The proposed framework was validated progressively in air, indoor tanks, outdoor net-cage pools, and real ocean aquaculture cages. Across structured environments, the system demonstrated stable operation with mean ACE values of 0.05–0.16 m, maximum errors below 0.2 m, and loop-closure drift (LCD) within ≤0.5 m per 5 m—satisfying task-level requirements for cleaning coverage planning. In open-sea conditions, performance degraded due to currents, turbidity, bubble interference, and droplet occlusion, yielding an LCD of approximately 1.32 m over a 16.05 m trajectory (8.3%). Nevertheless, the fused depth and IMU cues effectively prevented unbounded divergence, confirming the robustness and practicality of the approach under harsh, real-world disturbances.
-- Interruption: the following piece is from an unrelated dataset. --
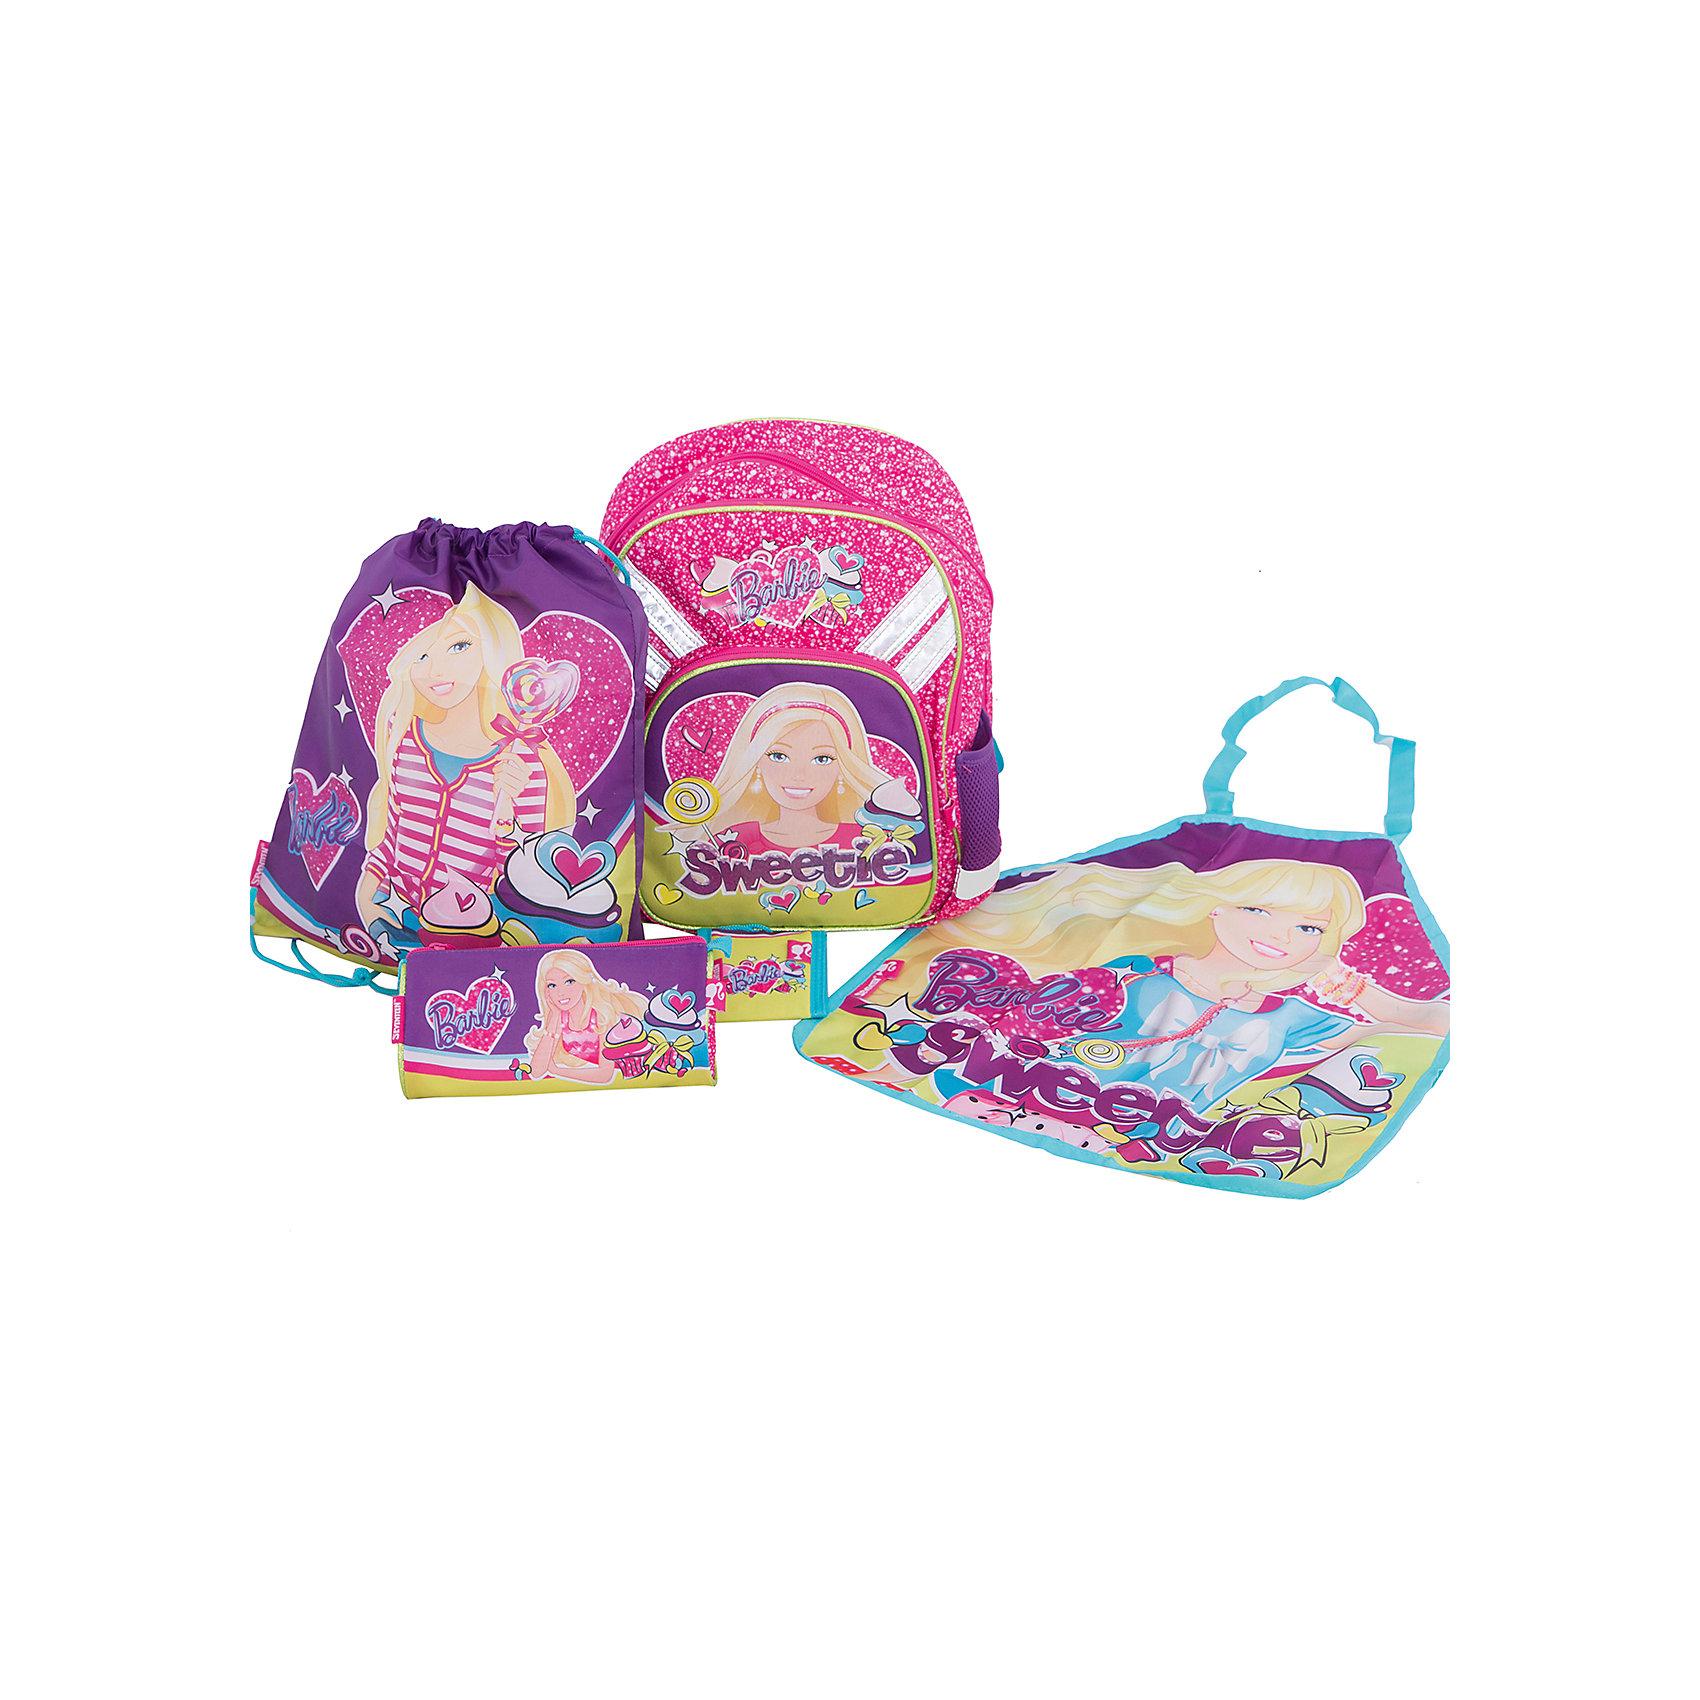 Академия групп Школьный набор Barbie (Эргономичный ранец, мешок для обуви, пенал, фартук, кошелек) панели для кухни фартук в курске

Future work will focus on extending field trials to full-scale sea cages for long-term evaluation; developing lightweight and adaptive fusion algorithms to down-weight unreliable visual cues; introducing LED beacons or active anchors for improved performance under weak textures; and integrating the method with crawler-based cleaning robots equipped with cage-gripping mechanisms to counteract current-induced displacement. Additional improvements targeting initialization stability, bubble mitigation, and optical clarity will further enhance the system’s resilience.
In summary, the proposed VID framework provides accurate, real-time, and low-cost localization for structured aquaculture cages, while ocean trials offer actionable insights for future refinement. Continued advancements along these directions will strengthen robustness and support reliable automation of underwater net-cleaning operations in real farming environments.